Manufacturing accounts for about 11.3 percent of the overall U.S. economy.

The Federal Reserve’s fastest interest rate-hiking cycle since the 1980s as it fights inflation is undercutting demand for goods, which are mostly bought on credit. The dollar’s past appreciation against the currencies of the United States’s main trade partners and a softening in global demand are also hurting manufacturing. Spending is shifting back to services.
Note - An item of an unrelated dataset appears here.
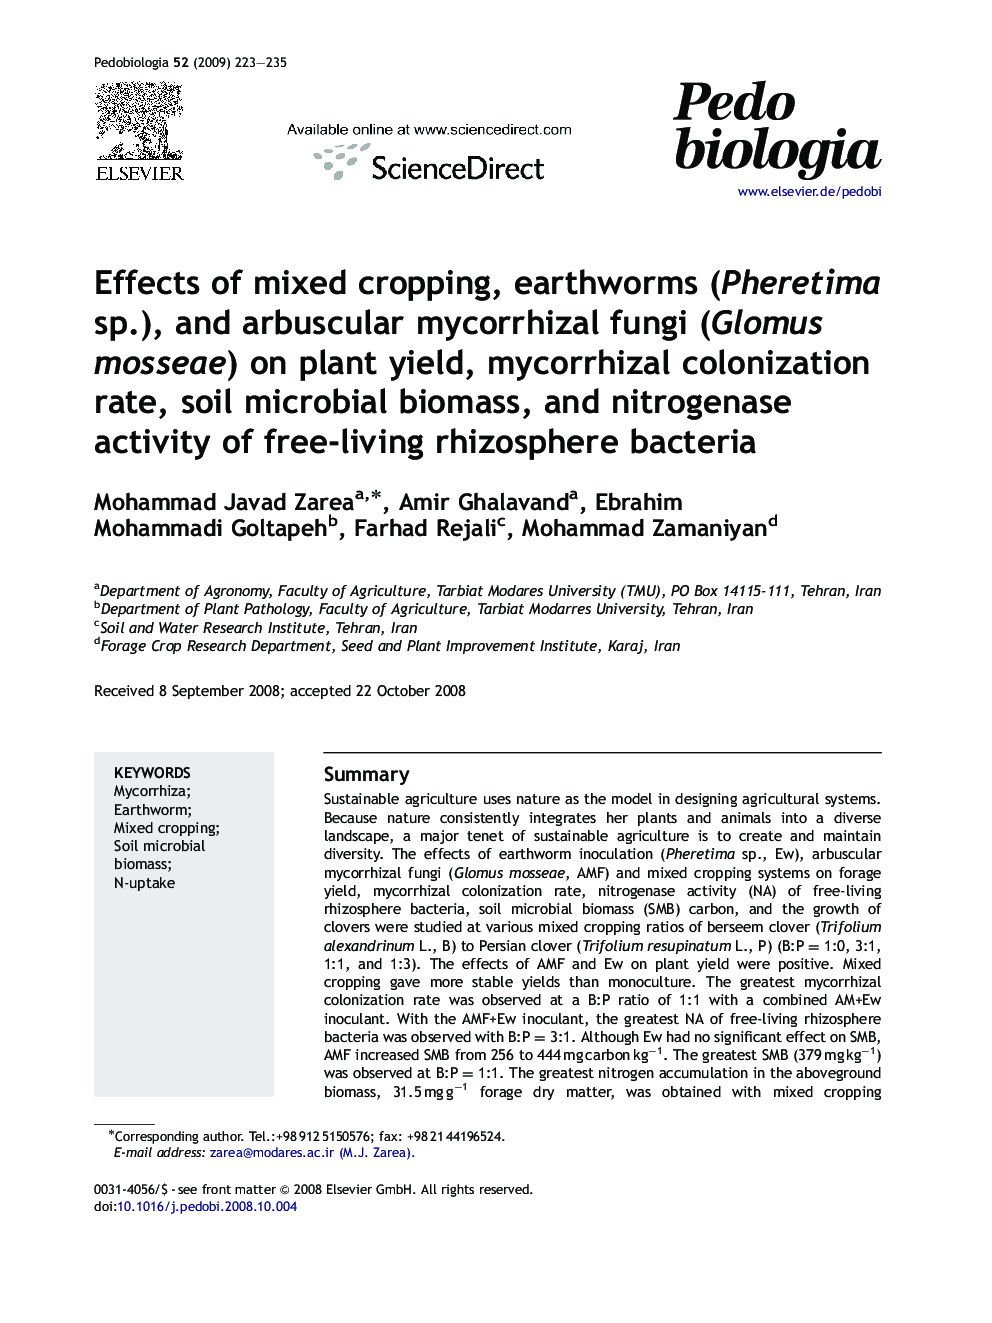 Effects of mixed cropping, earthworms (Pheretima sp.), and arbuscular mycorrhizal fungi (Glomus mosseae) on plant yield, mycorrhizal colonization rate, soil microbial biomass, and nitrogenase activity of free-living rhizosphere bacteria

The weakness in the ISM mirrored a deterioration in the so-called hard manufacturing data. Manufacturing production declined at an annualized rate of 2.5 percent in the fourth quarter, data from the Fed showed last month.

Employment

While the ISM’s manufacturing PMI has marked three consecutive months of contractions in manufacturing, ISM data shows employment in the manufacturing sector is continuing to grow, though at modest levels.

As with the manufacturing PMI, a score above 50 percent on the ISM’s employment index indicates growth. The ISM’s employment index remained in growth territory in January, though it fell from a seasonally adjusted 50.8 percent in December to 50.6 percent in January.

While the ISM’s employment index gives a somewhat positive outlook, this gauge has swung up and down and has not been a good predictor of manufacturing payrolls in the government’s closely watched employment report.

Indeed, the ISM indicated that in the 18 different manufacturing industries that its employment index tracks, five reported growth in employment in January while nine reported a decline.

Other Recession Warnings

The ISM’s latest manufacturing PMI ratings are just one of several growing signs of a possible recession in recent months.
Economists saw two consecutive quarters of contraction in the U.S. economy in the first half of 2022. The period of economic contraction met long-held definitions of a recession, but the National Bureau of Economic Research (NBER) did not officially declare a recession.
While the United States did record economic growth in the second half of 2022, recessionary concerns have continued.
In January, the World Bank cut its economic growth forecasts for the entire global economy for 2023. The World Bank placed its forecast for the United States at just 0.5 percent—a minimal level of growth.
A majority of economists polled by the World Economic Forum (WEF) later on in January predicted a high likelihood of a global economic recession.
Reuters contributed to this article.